А когда я хотел расспросить, отчего не даст? – Он вдруг закашлялся и говорит:
«Ну вас совсем! Если вы такой бестолковый, – ступайте куда хотите: у меня чахотка; а вы… ничего не понимаете».
Шерамур взял пять рублей и отправился к месту своего призвания, где его осетили трагикомические случайности, которые имели на него роковое влияние и довели его до эмиграции.
Глава одиннадцатая
Во-первых, его не ждали и, как художник отгадал, – не желали видеть в имении, куда он явился не то педагогом, не то Эмилем. Встречен он был сухо, как человек никому не нужный; даже помещения ему не дали, и благодетельницы своей графини он не видал. В этом, по его словам, был виноват тот же враг студентов, буфетчик, способный за три целковых отравить кого угодно. Он сбыл Шерамура сначала в чулан при конторе, а потом в каморку при прачечной. У его выломанного порога была ямина, а под окном зольная куча, на которую выбрасывали из кухни всякую нечисть, и тут, как говорил Шерамур, постоянно «ходили пешком три вороны и чьи-то птичьи кишки таскали». В самой же храмине здесь была такая жара и духота, что Шерамур, к великому своему удивлению и благополучию, – тяжко заболел: у него сделался карбункул, который он называл: злой чирей. Ему не дали умереть и прислали к нему фельдшера – молодого еврея, который здесь тоже был и врачом и религиозным Эмилем: графиня его второй год воспитывала к христианству. Главный труд обращения его уже был окончен, и по осени он назначался на короткое время на выставку в религиозные салоны Петербурга, а оттуда к отсылке за границу для крещения по наилучшему образцу какой-то из неизвестных сект. Еврей был такой же горький человек, как Шерамур, – он был вырван из солдатчины благодаря тому, что решился оказать склонность к христианству. Он уже второй год жил здесь неизвестно по какому праву и, чувствуя свое рискованное положение, пел стишки и читал «трактатцы», – но он был, разумеется, гораздо находчивее Шерамура и сделал ему важную услугу – спас ему жизнь.

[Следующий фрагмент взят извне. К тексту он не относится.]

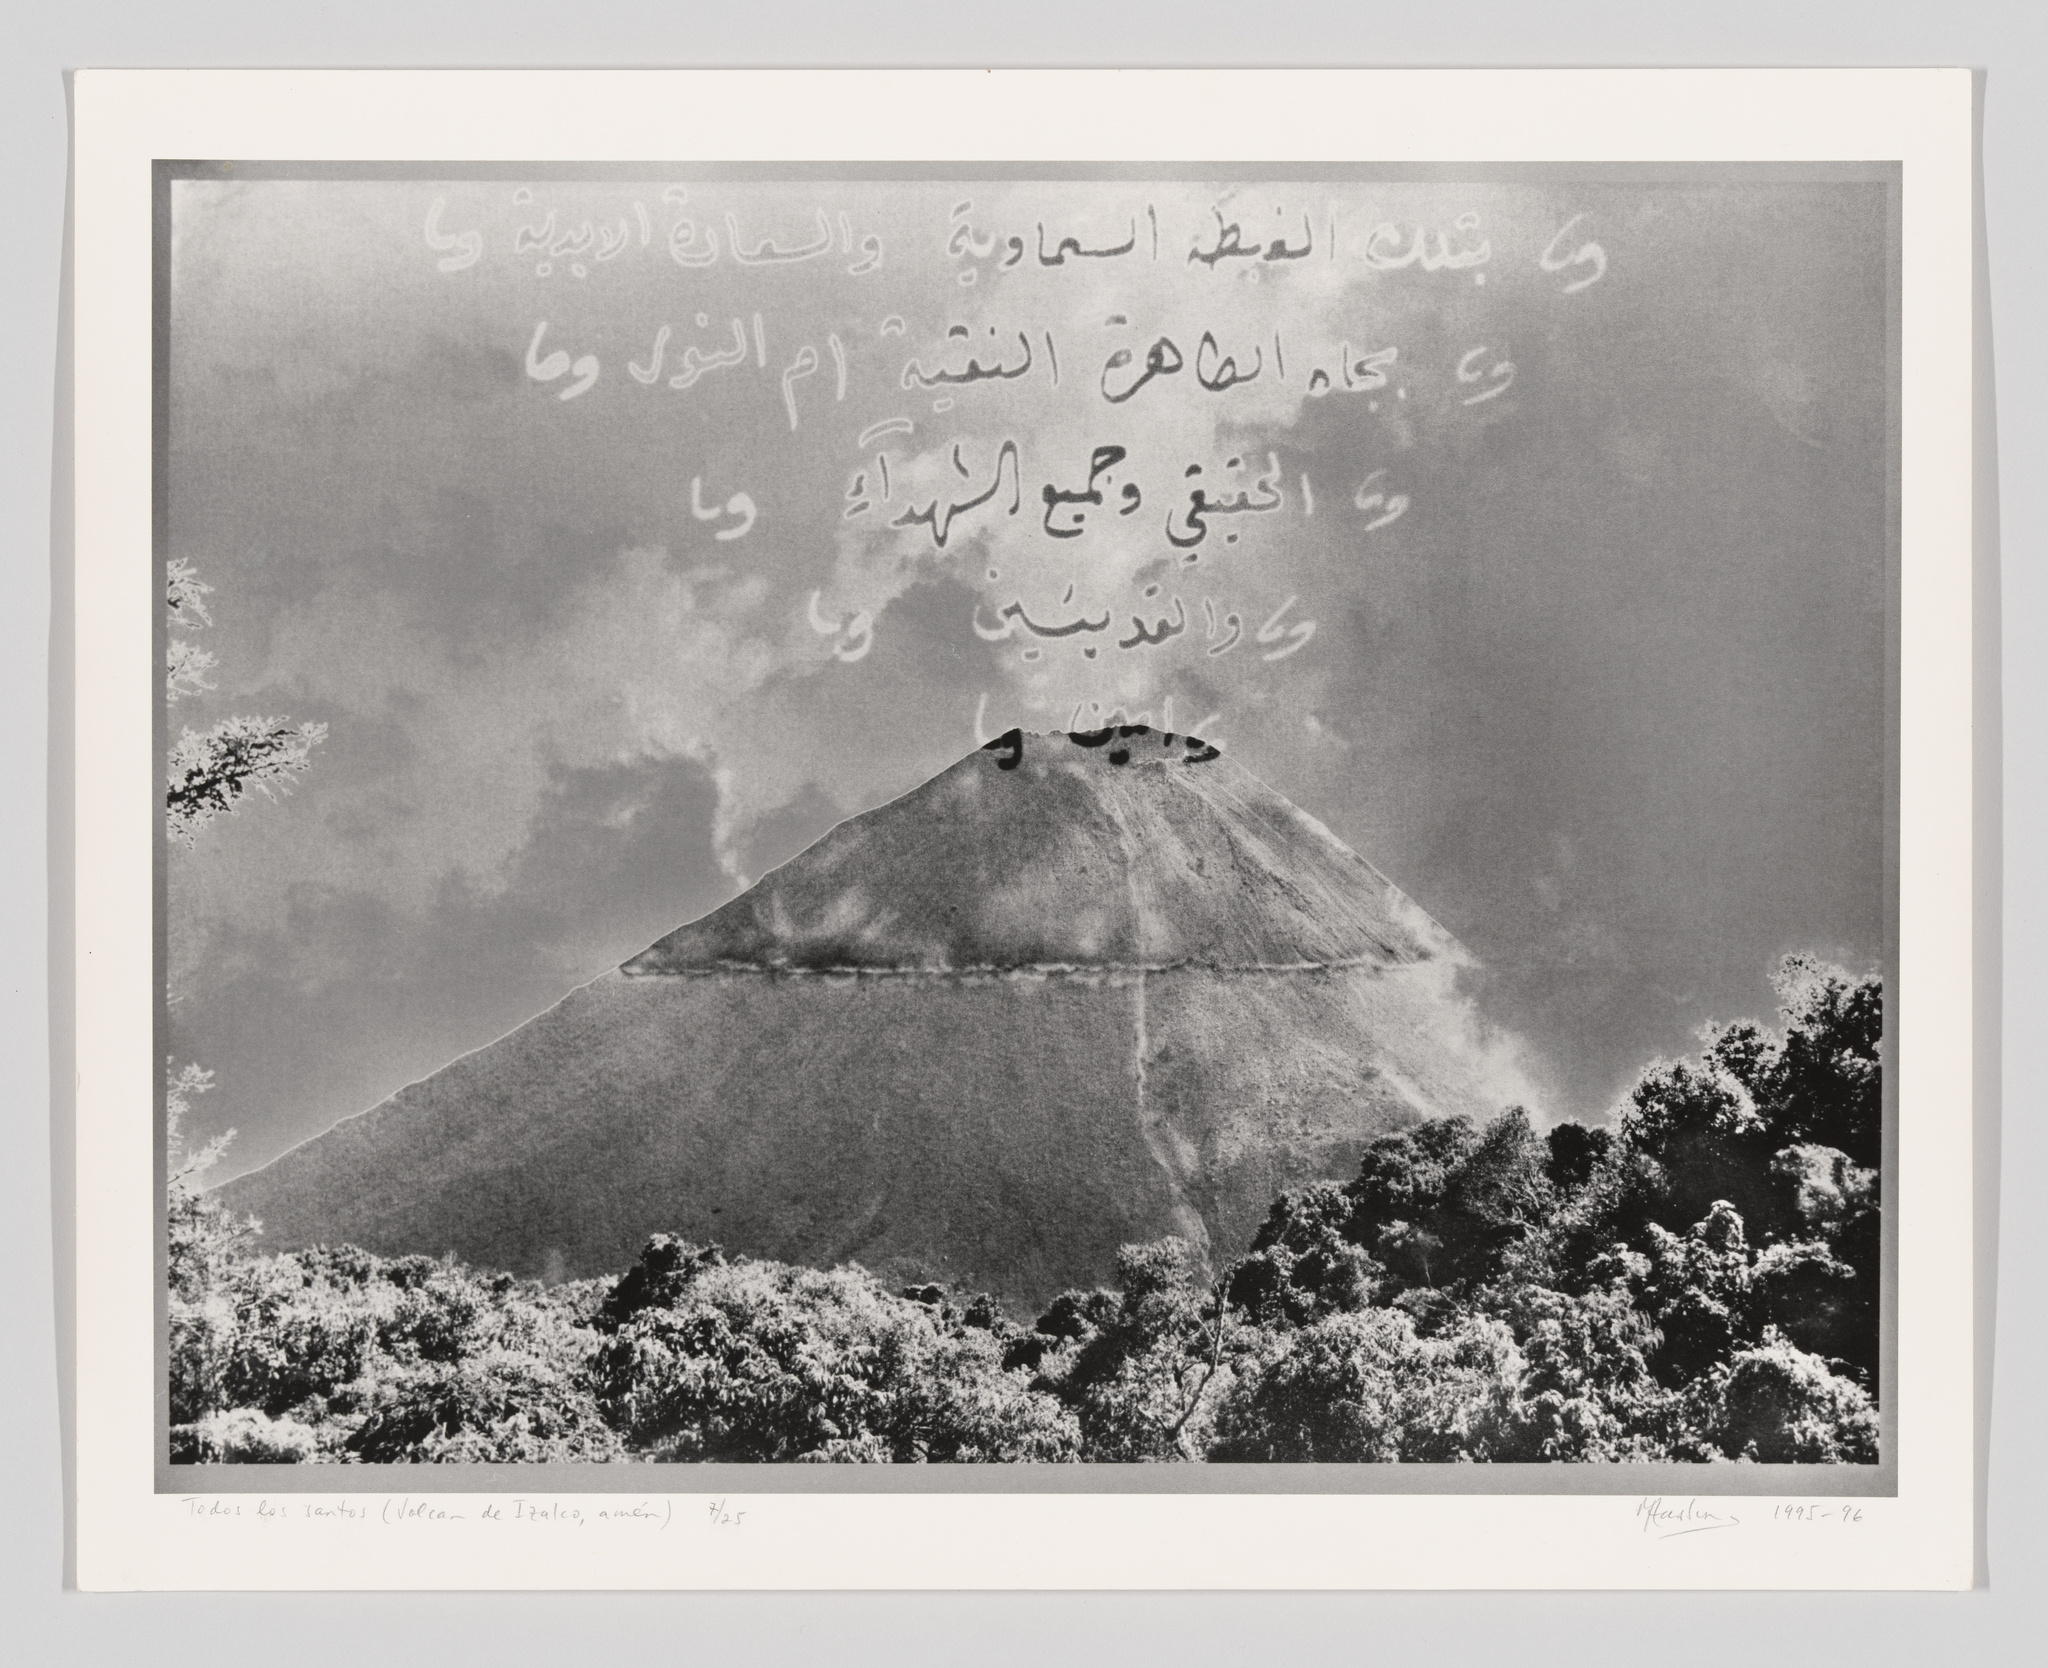 A black and white photo of a volcano from a distance with Arabic writing superimposed across the top.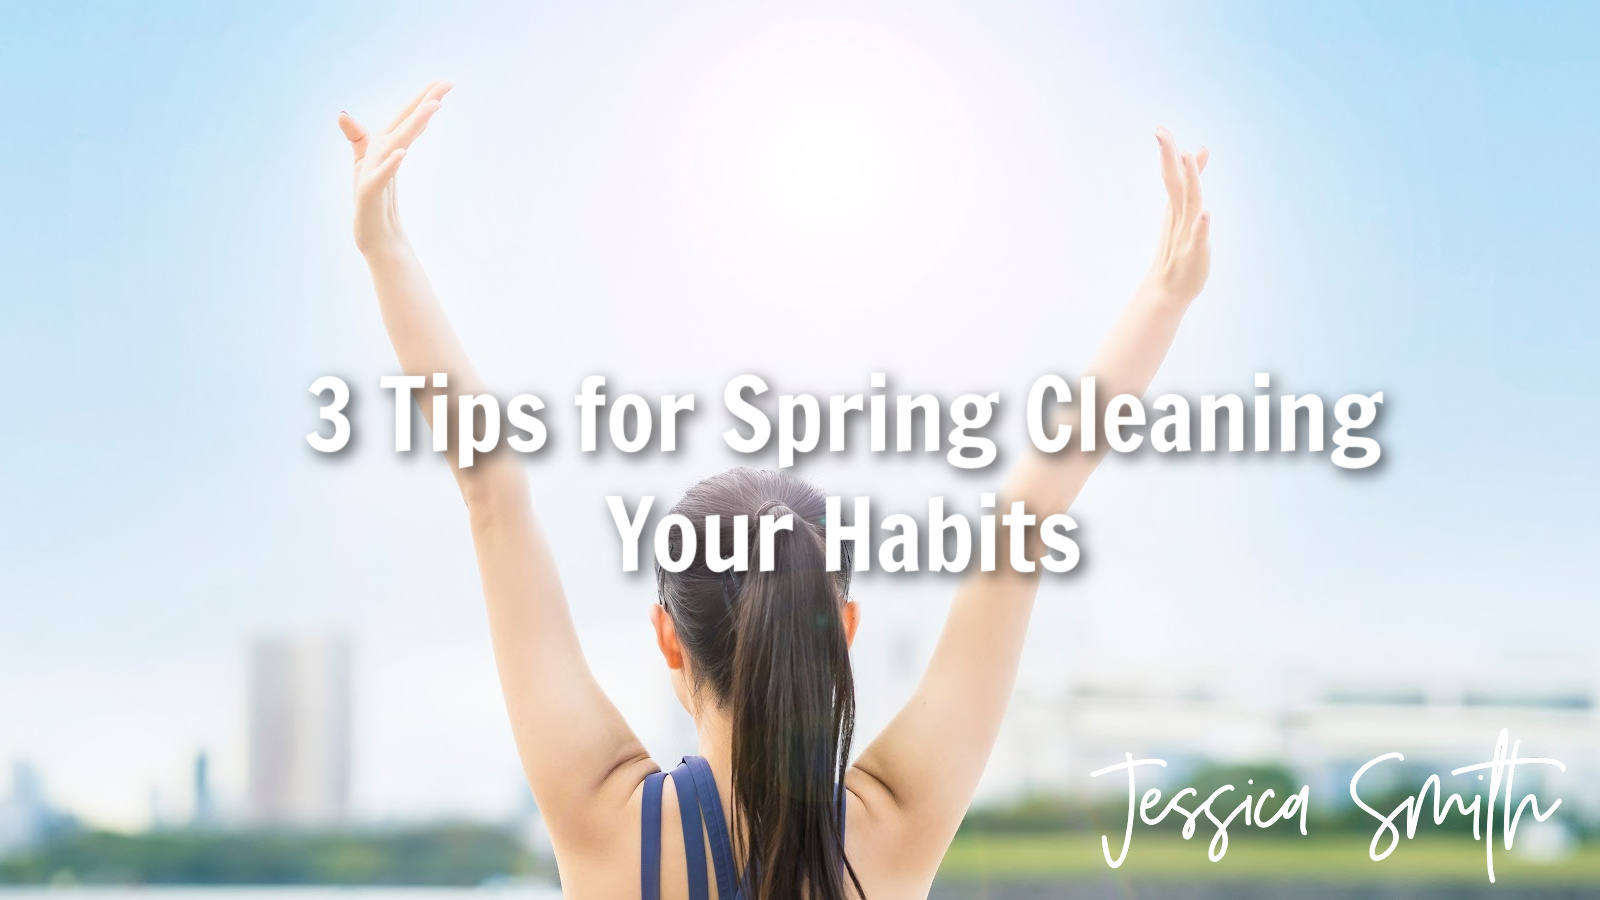 3 Tips for Spring Cleaning Your Habits

Шерамур лежал без всякого присмотра – его дверь часто некому было затворить, и вороны заходили к нему пешком даже в самую комнату, но фельдшер нашел, что случай этот достоин иного внимания. Он доложил о больном графине и удостоверил ее, что болезнь опасна, но не заразительна. Он знал, что это был для нее бенефисный случай: она сейчас же пришла с книжечками и флаконом разведенной водою мадеры и читала Шерамуру о спасении верою. Он ничего не понял, а она ушла, оставив ему трактатцы, но флакон унесла. Еврей ему сделал выговор:
– Что вам такого, – говорит, – понимать, – спросит: «погиб?» – говорите; «погиб», – а если «спасен», так «спасен».
– А что это значит? – добивался Шерамур.
– Ничего не значит, – один разговор, а за то вам будут хорошую пищу присылать и мадеры, – а вы еще слабы. – Он взял оставленные трактатцы, посмотрел и говорит: – Вот по этой погиб, а по этой спасен. Я скажу, что вы читали и пошли на спасенье.